I’m not so much interested in this as a psychological phenomenon, but as an economic structural matter.  It is of course the case that people in positions of power, who spend their lives as members of our society’s privileged capitalist elite, believe that they are special and whine like children when reality, and their fellow members of society, inevitably demonstrate otherwise.  In the political sphere, it was that psychological tendency towards arrogance and hubris (and other human psychological weaknesses) that led to limitations on political power and authority through democratization and structures of checks and balances.  Governance is better when power is spread and decision-making made accountable.

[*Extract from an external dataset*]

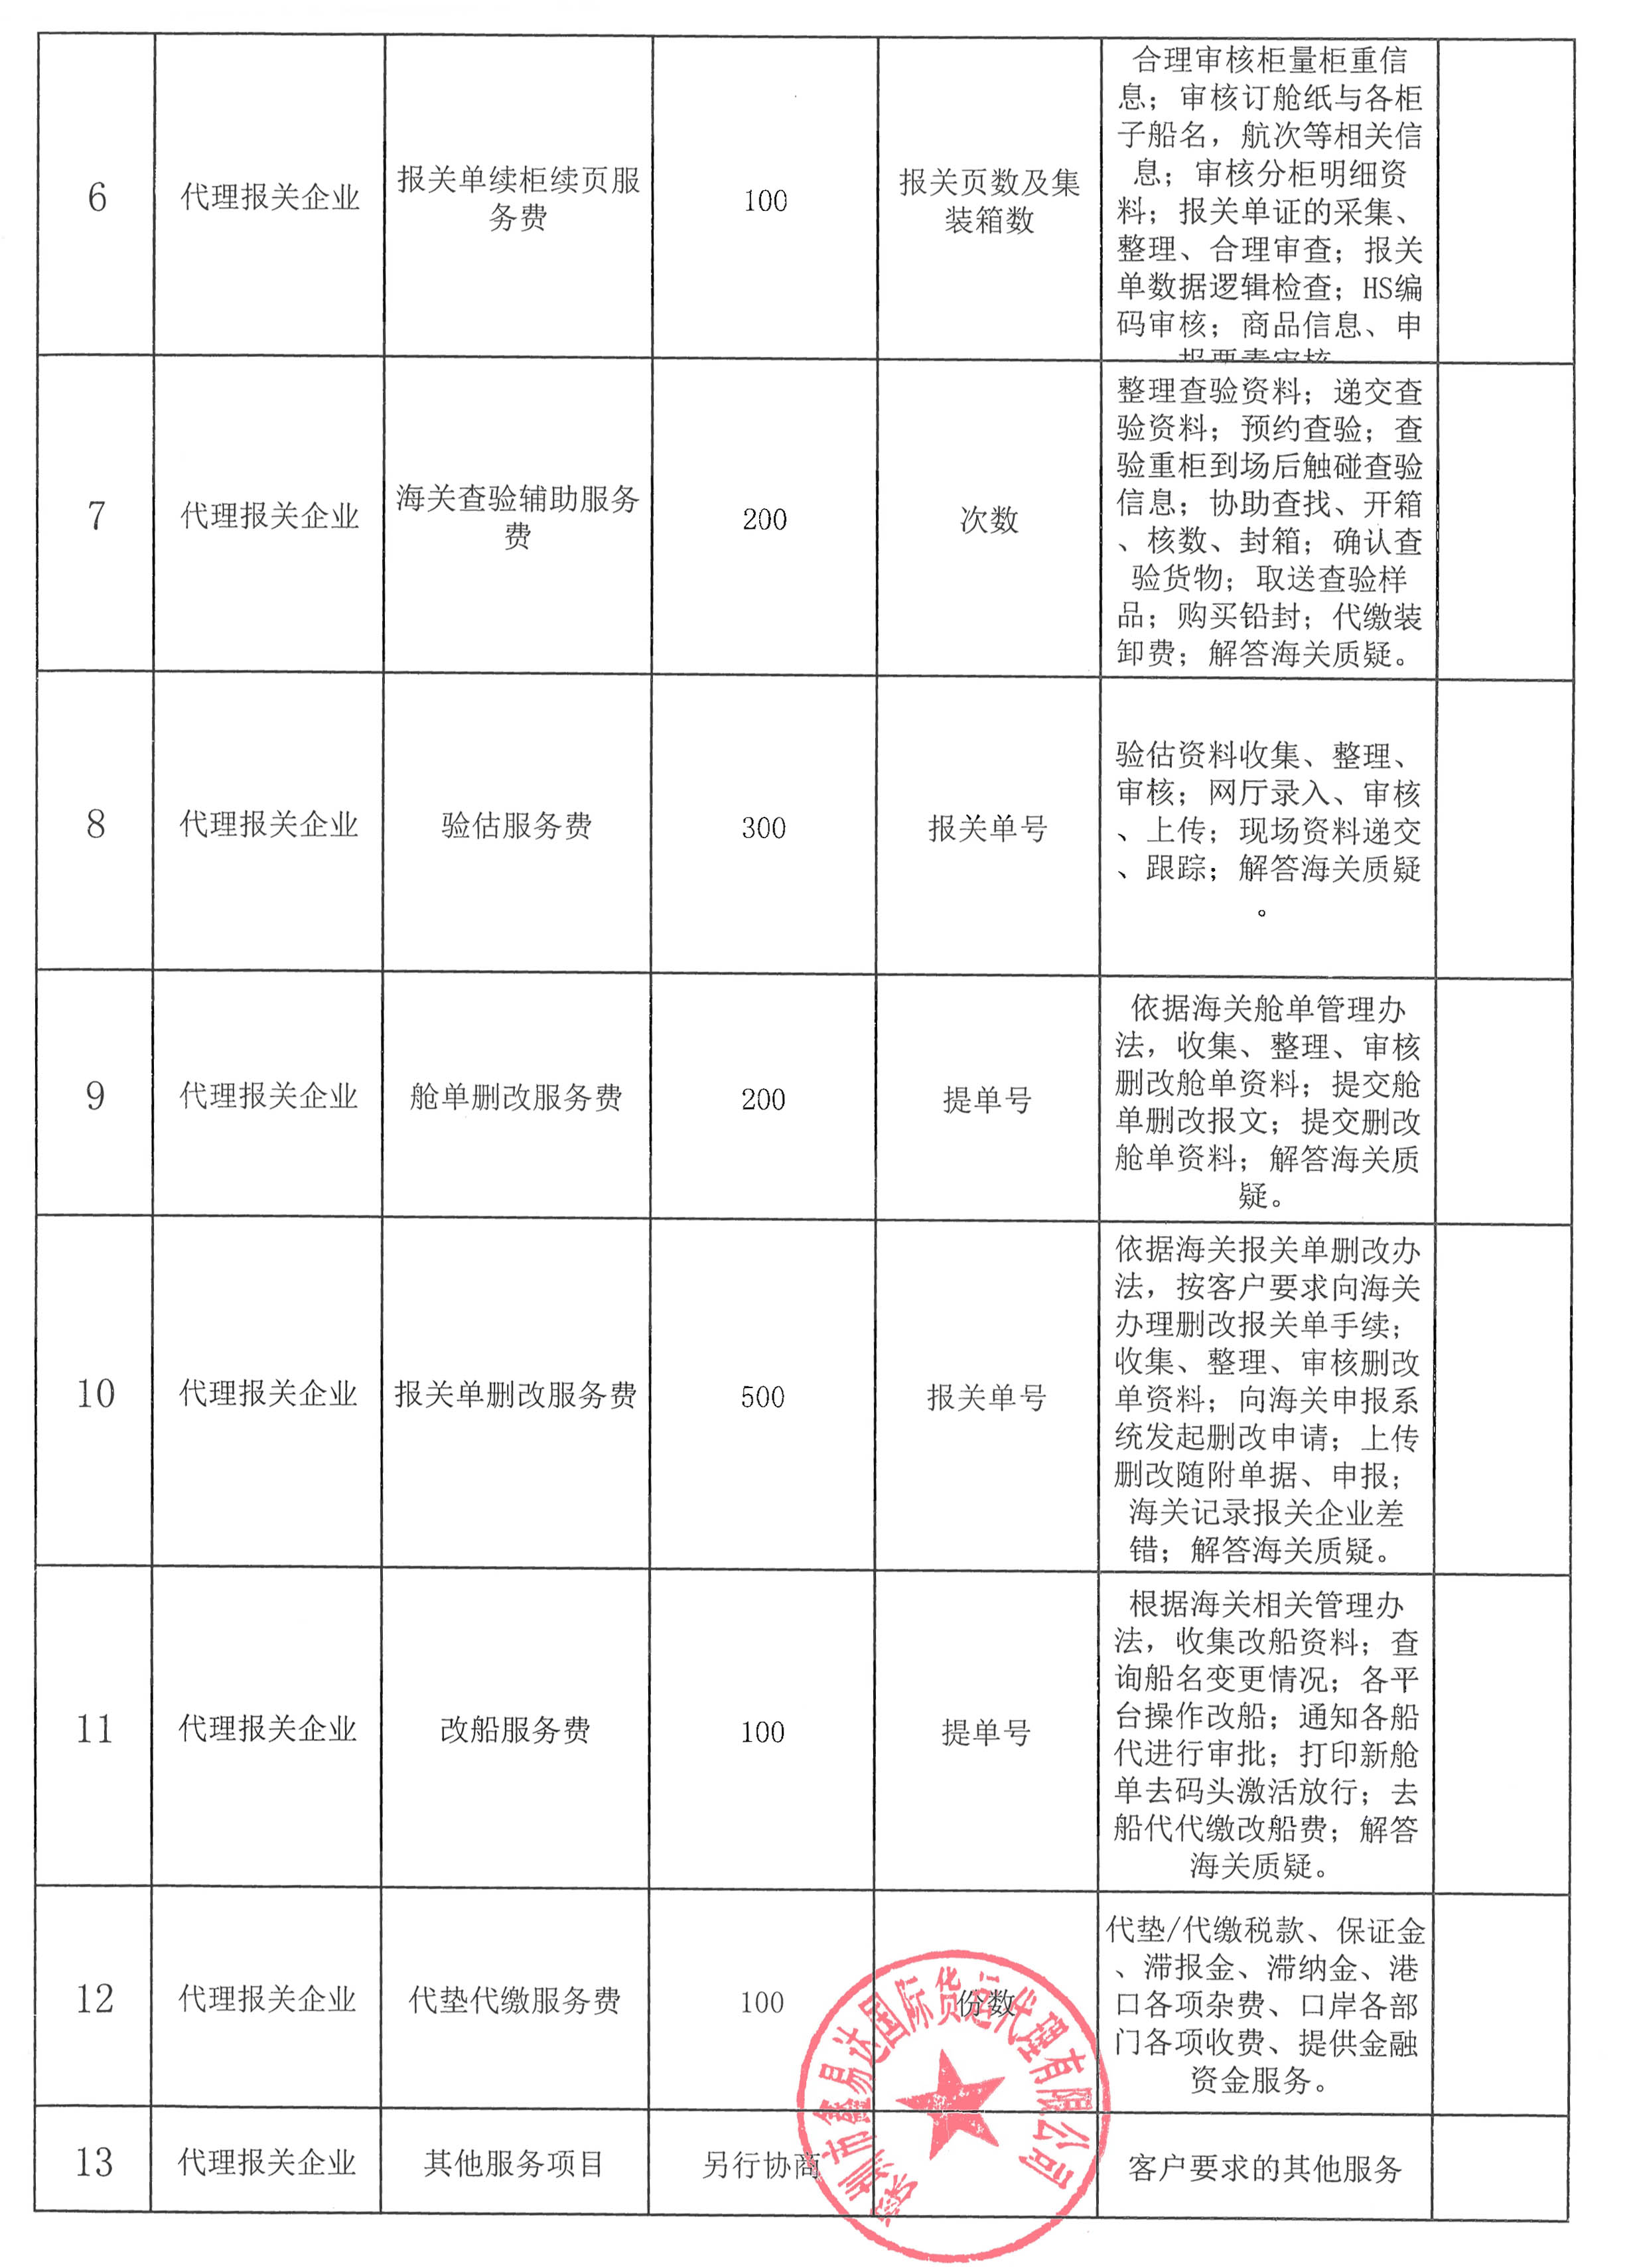 深圳市鑫易达国际货运代理有限公司收费目录清单_2.jpg

Now, imagine if we extended that to the economic sphere: imagine if businesses and corporations were run democratically by their workers, so that business leaders were elected to limited terms by their employees and could even be recalled for mismanagement.  There would be no way that a manager or CEO could cut pay or hours, ruining people’s very livelihoods, in protest of a political election.  The workers would fire them.  And even if business costs or other economic contingencies, such as providing for health care or dealing with a recession, actually did put a company in a threatened financial position, under economic democracy cutting jobs would be the last resort that workers would turn to.  Instead, they would find creative, innovative ways to succeed, and/or they would engage in job-sharing, cut profits and CEO pay and bonuses at the top first, etc.

If I had to choose only one politico-economic reform for modern society, I would pick democratizing business enterprise, because nearly all our political, economic, and social ills stem from private control of capital.  That is the most critical reform to make.